PROBLEM STATEMENT – From top to bottom, print the listing word for word and skip any pictures it contains.

DATASET EXTRACT –
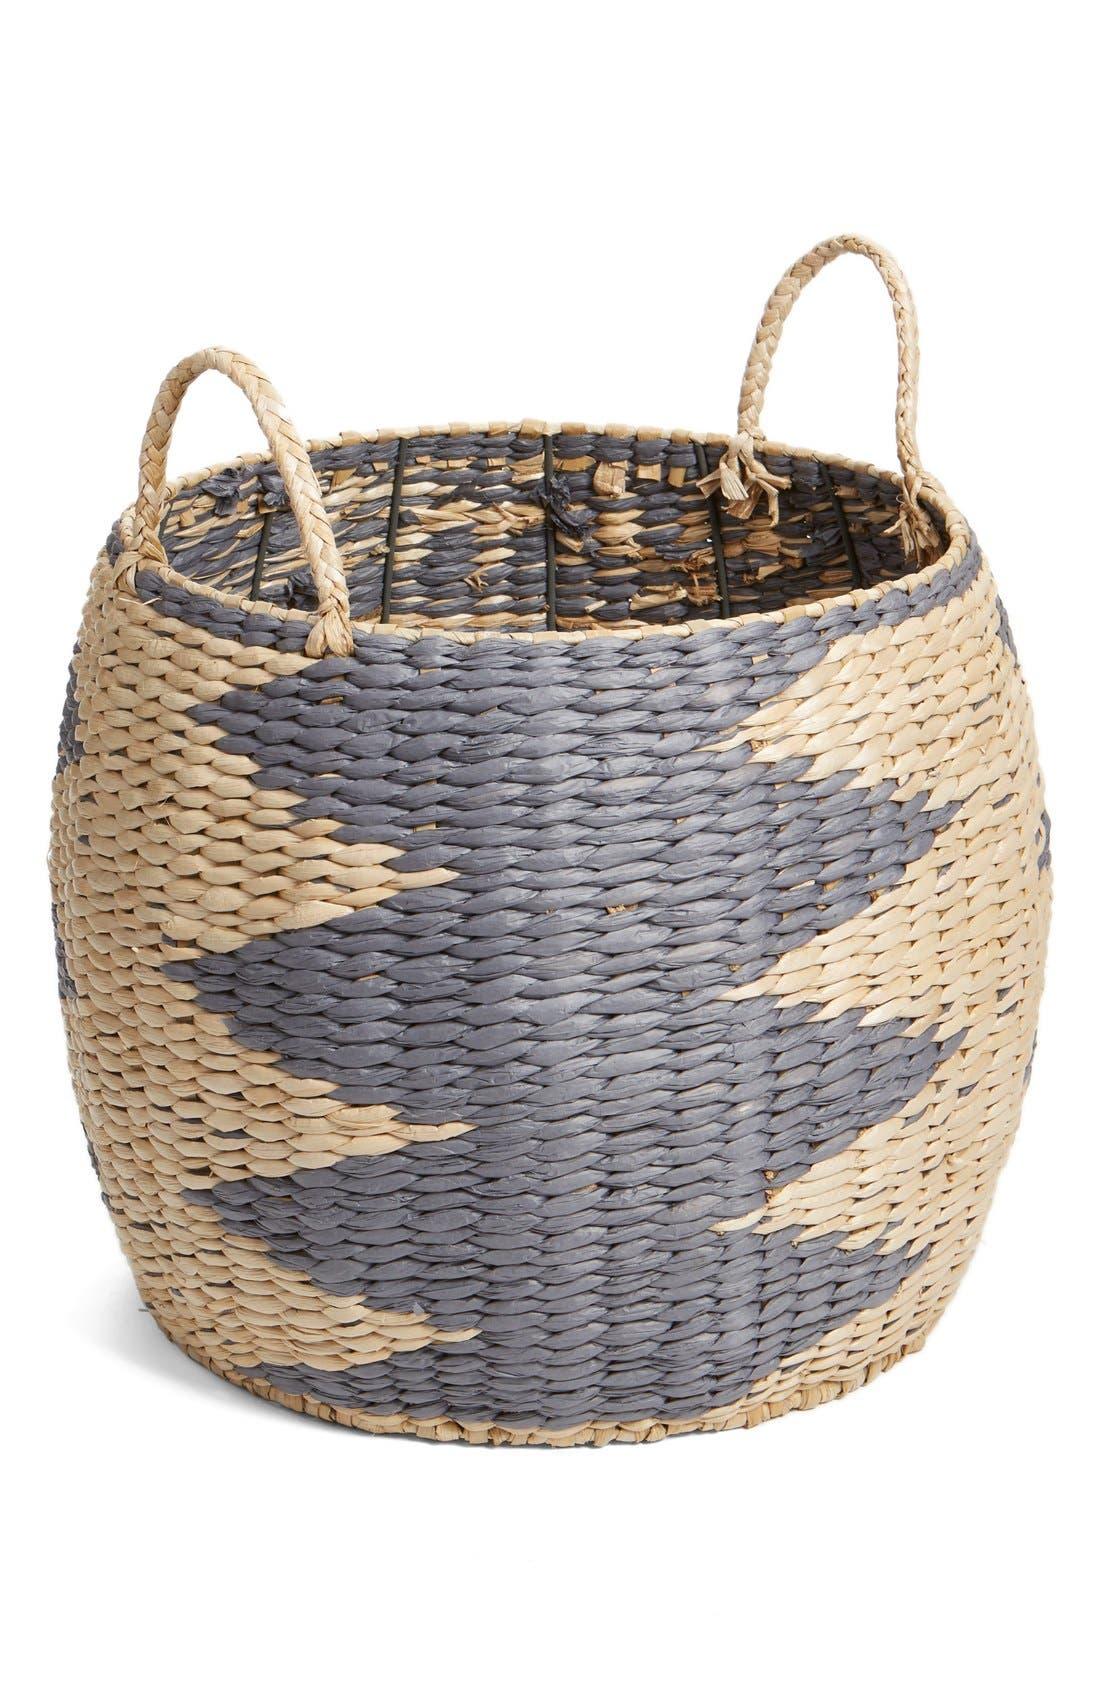 Alternate Image 1 Selected - Levtex Chevron Woven Basket
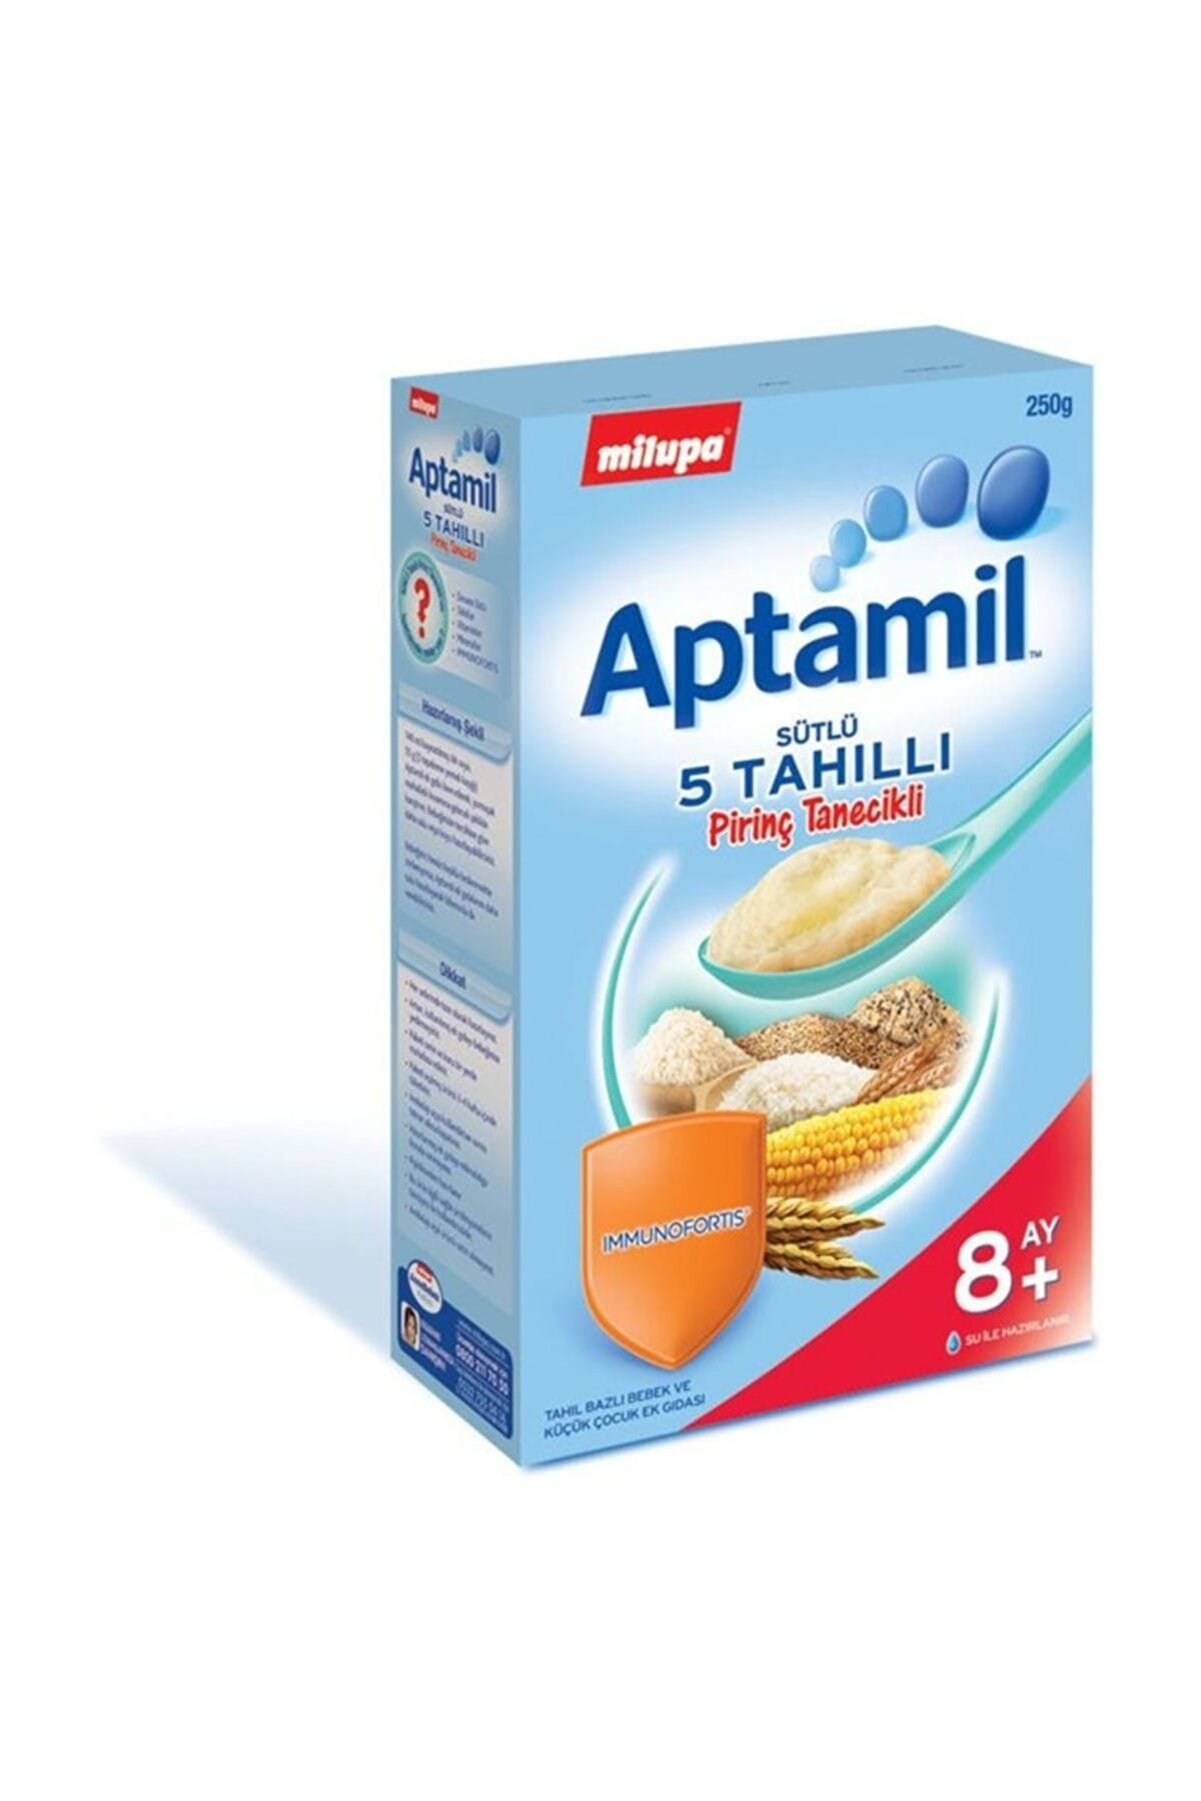 Aptamil Aptamil Sütlü 5 Tahıllı Pirinç Tanecikli +8 Ay 250 gr
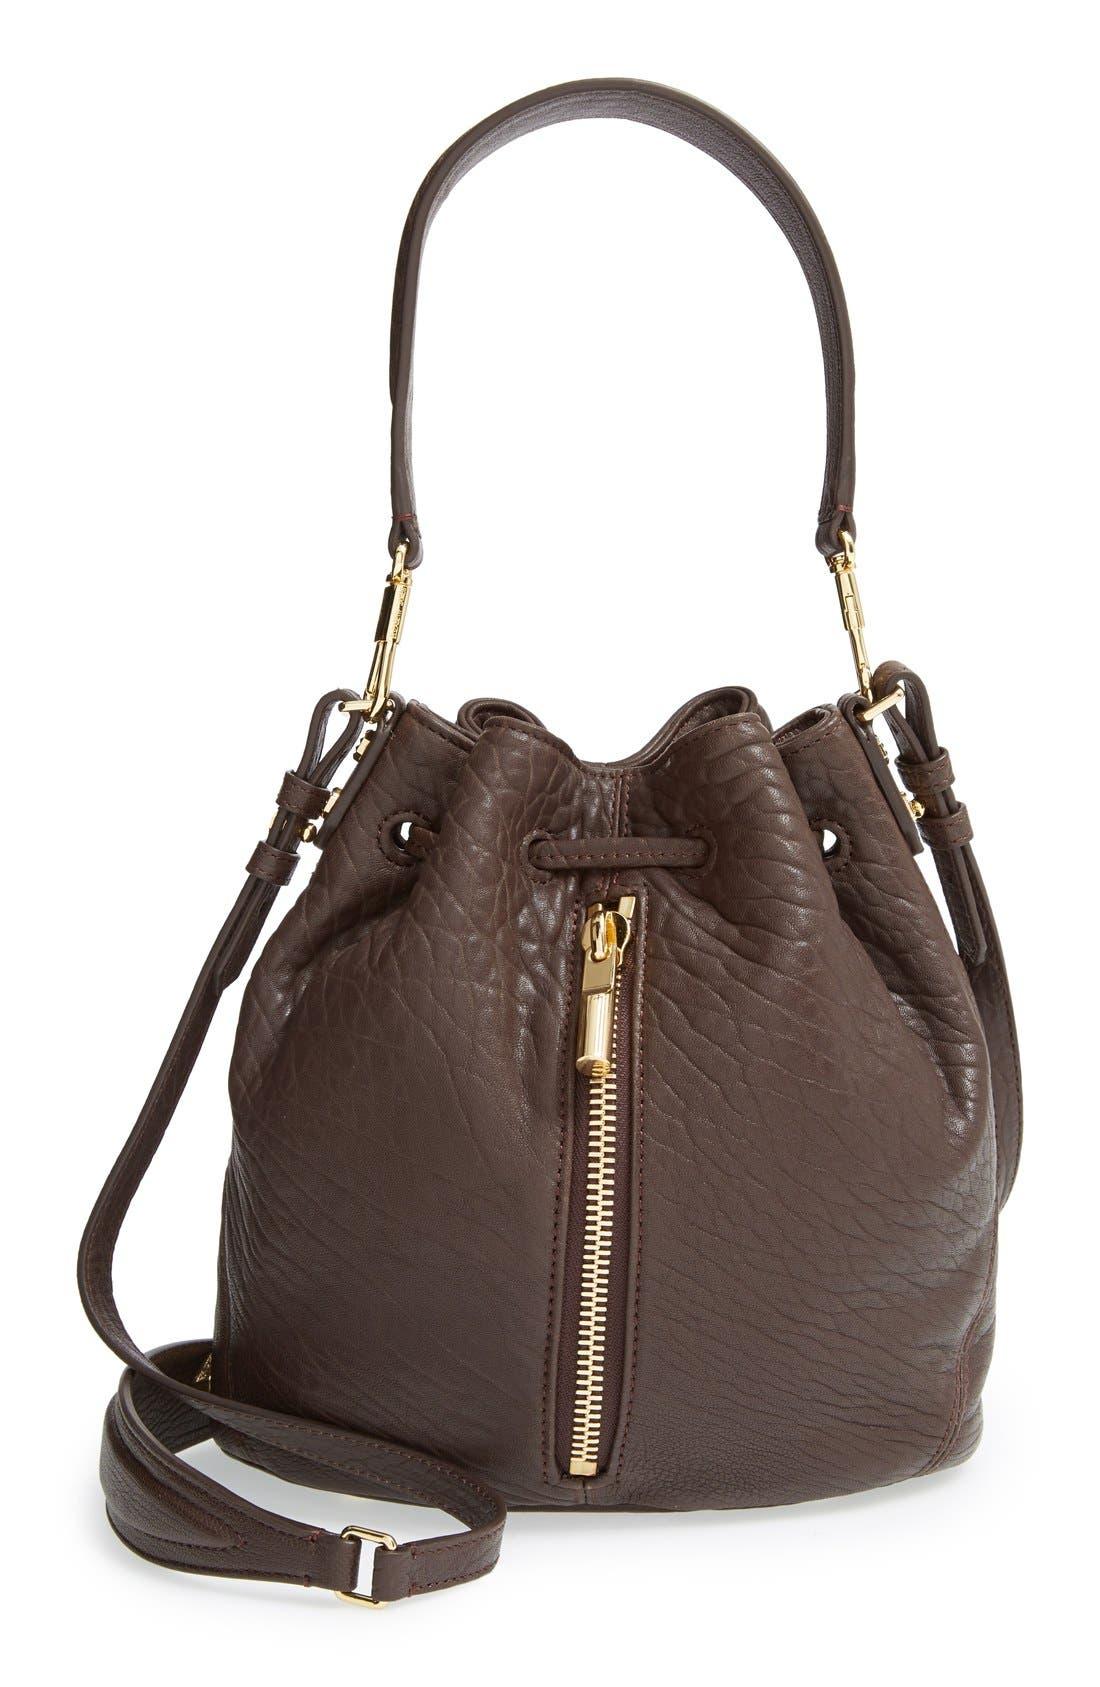 Alternate Image 1 Selected - Elizabeth and James 'Mini Cynnie' Bucket Bag

TASK ANSWER –
 Alternate Image 1 Selected - Levtex Chevron Woven Basket
 Aptamil Aptamil Sütlü 5 Tahıllı Pirinç Tanecikli +8 Ay 250 gr
 Alternate Image 1 Selected - Elizabeth and James 'Mini Cynnie' Bucket Bag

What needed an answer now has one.